Il dolore vive in un terreno sacro: lo spazio dove ciascuno lo porta con sé. Possiamo dibattere sulle cause che lo hanno inflitto, cercare di limitarlo, di capirlo. Ma nessuno, tantomeno la politica o la filosofia, possono raccontarci il lamento di una madre che vede il figlio affogare a pochi metri dalla salvezza. Sarà più facile incasellare la sofferenza nella statistica, farla diventare un numero, in cui presto si trasformeranno persino i morti di Cutro. E invece è un “grido silenzioso”, come ci insegna Simone Weil, un sordo balbettio che invoca una supplica muta: «Non farmi del male».

Ed è da quel grido che dobbiamo cominciare a riflettere su cosa significhi per noi oggi il dolore. Perché è qualcosa che tutti noi sentiamo di conoscere intimamente: il contatto radicale con l’ingiustizia è un’esperienza che accomuna ogni essere umano. Uno spazio condiviso che diventa empatia per coloro che soffrono.

Universalismo impersonale

È con questa verità che deve fare i conti la politica e la società: scavando in fondo alla tragedia passiamo da questo dolore impersonale e neutrale, a quello unico e crudo delle vittime, scoprendo che hanno storie, cultura e valori propri. Ma cosa accade se tali identità non corrispondono alle nostre aspettative o ai nostri assunti di civiltà? È sufficiente questo per far venir meno l’universalità del dolore? Se così fosse, nascerebbero tristi “classifiche dell’empatia” con i primi posti occupati da chi proviene da costrutti sociali simili ai nostri e gli ultimi da chi scappa da mondi a noi incomprensibili.

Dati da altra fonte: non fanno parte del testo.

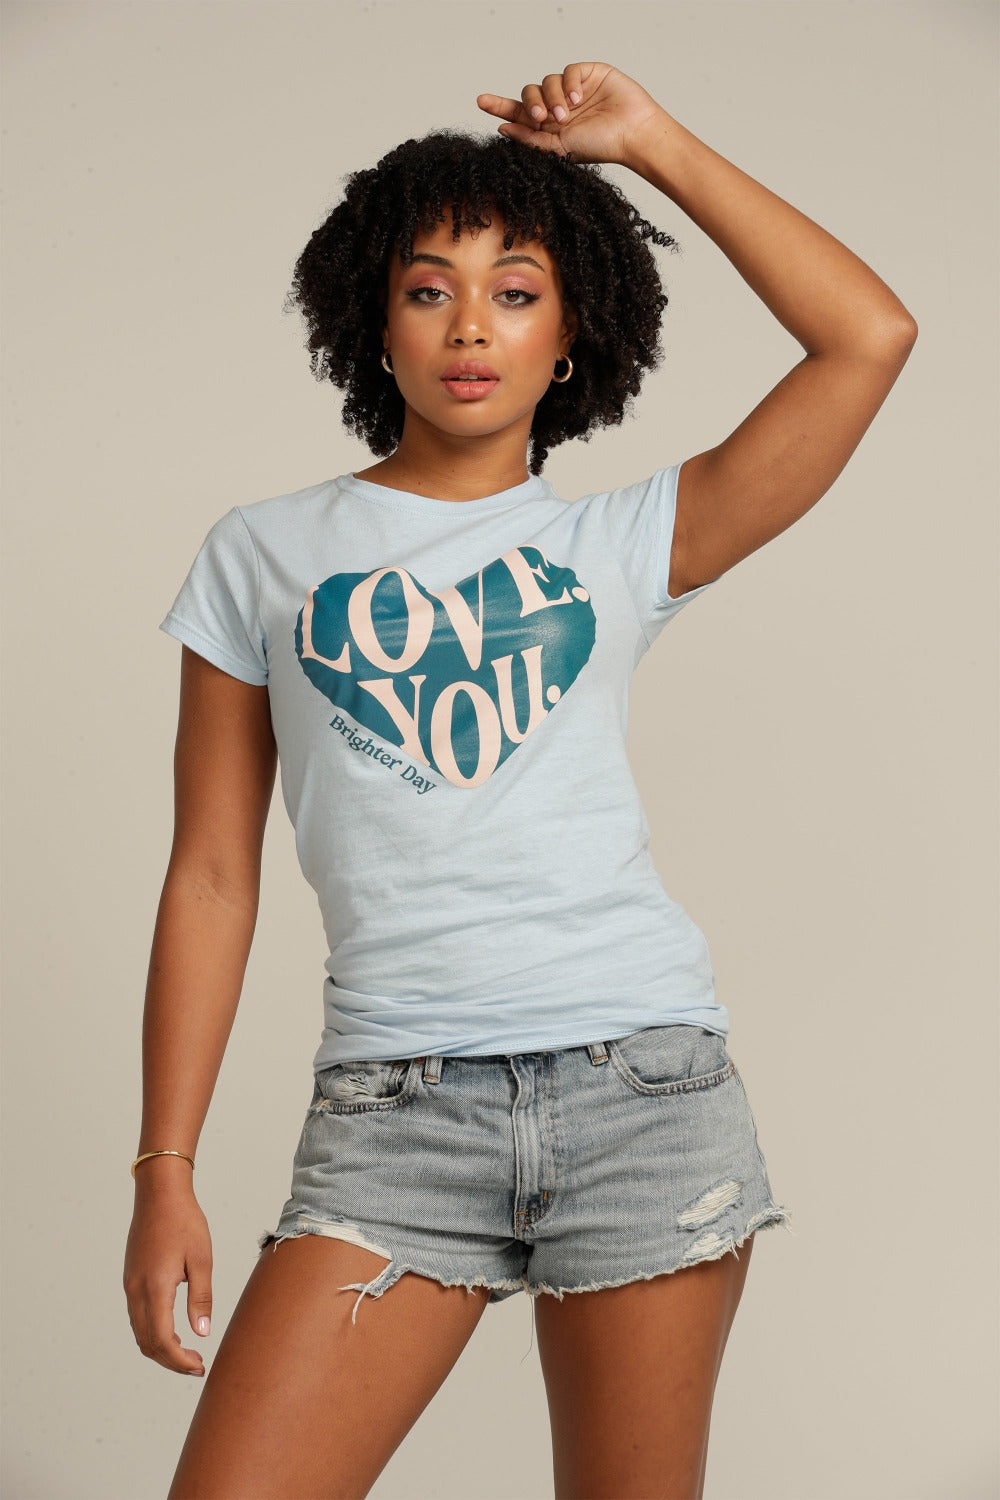 Curly haired woman wears blue LOVE YOU fitted tee shirt

La nostra società vive da tempo questa contraddizione: da un lato vogliamo proteggere l’autenticità delle identità, preservandone cultura, costumi e tradizioni, dall’altro auspichiamo un universalismo di valori, al di là di ogni specificità. Il confrontarsi con la sofferenza rende questa dicotomia soltanto più evidente.

Per usare una metafora del filosofo Slavoj Žižek, in un’epoca di consumismo cerchiamo prodotti senza lati negativi: caffè senza caffeina, birra senza alcol, salsicce senza grassi… Così non abbiamo problemi ad abbracciare l’altro, purché privo di quelle diversità che ci appaiono oscure. Il profugo può essere portatore dell’universalismo impersonale del dolore, ma solo finché con esso non presenta tutti quei lati particolari di identità, cultura e valori che non ci piacciono.

Una visione che unisce

Esiste però un filo che unisce i due estremi di questo paradosso: non esistono modi di vita autentici o universali, bensì culture che sono tutte parimenti attraversate da un radicale antagonismo al dolore. Un contrasto che si manifesta quando dismettiamo la supplica “non farci del male” e scegliamo di resistere affinché non ce ne venga fatto.

Se consideriamo la vita delle persone che si affidano al mare come una sfida a un destino che sembrava segnato, allora non importa più parlare del loro modo di vivere, ma piuttosto chiederci e chiedergli quale sia la loro lotta.

L’universalismo non è una fratellanza utopica tra modi di vita diversi e nemmeno la solidarietà incondizionata, o l’empatia istintiva. L’universalismo è una domanda: come possiamo unire le nostre diverse lotte in uno sforzo di protesta comune contro il dolore dell’ingiustizia?

Non è la formula per una soluzione pratica, ma un invito a condividere una visione verso di essa. Provare a salvare chi muore mentre insegue una speranza continuerà a essere responsabilità della politica e della società. Ma se le lotte di chi soffre diventeranno parte del nostro impegno, allora sì che il dolore per ogni loro sconfitta sarà legittimamente anche il nostro.